*** Block opens ***

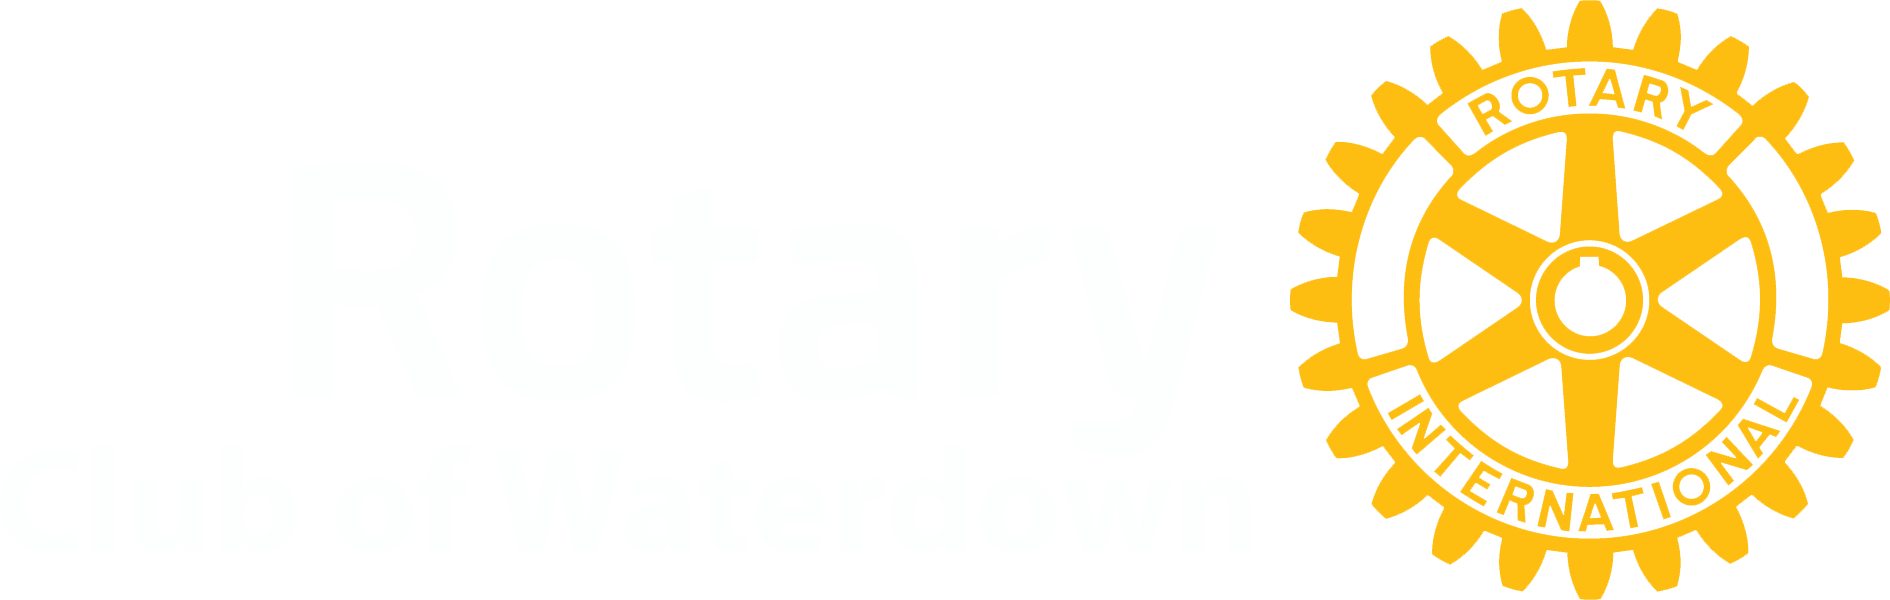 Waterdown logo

*** Block closes ***
*** Block opens ***

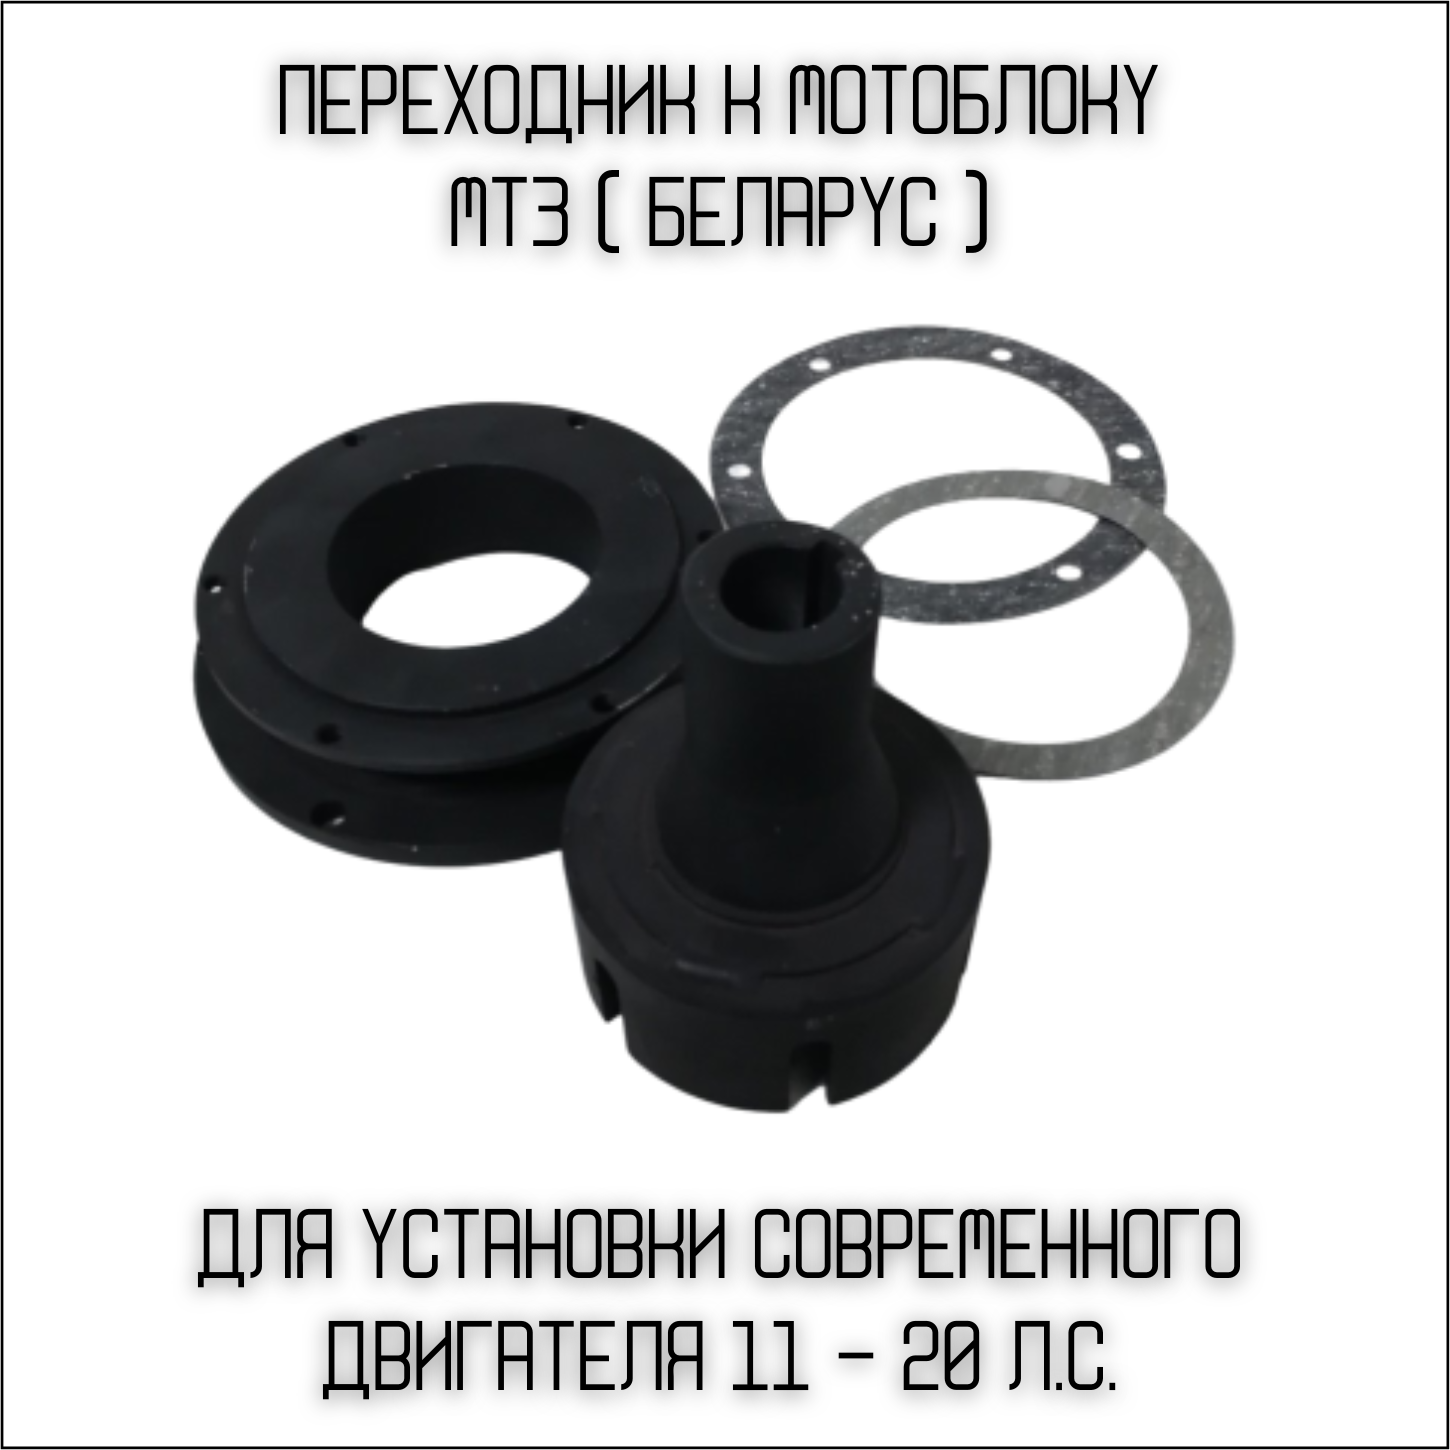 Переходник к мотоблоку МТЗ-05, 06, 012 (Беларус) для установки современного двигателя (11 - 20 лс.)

*** Block closes ***
*** Block opens ***

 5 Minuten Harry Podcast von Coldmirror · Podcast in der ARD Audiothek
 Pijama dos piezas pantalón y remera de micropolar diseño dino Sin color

*** Block closes ***

• **THE TASK**
In the entries above, find the line holding "5 Minuten Harry" and the line holding "Pijama dos piezas", then retype exactly those two lines and every line between them, and nothing else.

• **YOUR RESPONSE**
 5 Minuten Harry Podcast von Coldmirror · Podcast in der ARD Audiothek
 Pijama dos piezas pantalón y remera de micropolar diseño dino Sin color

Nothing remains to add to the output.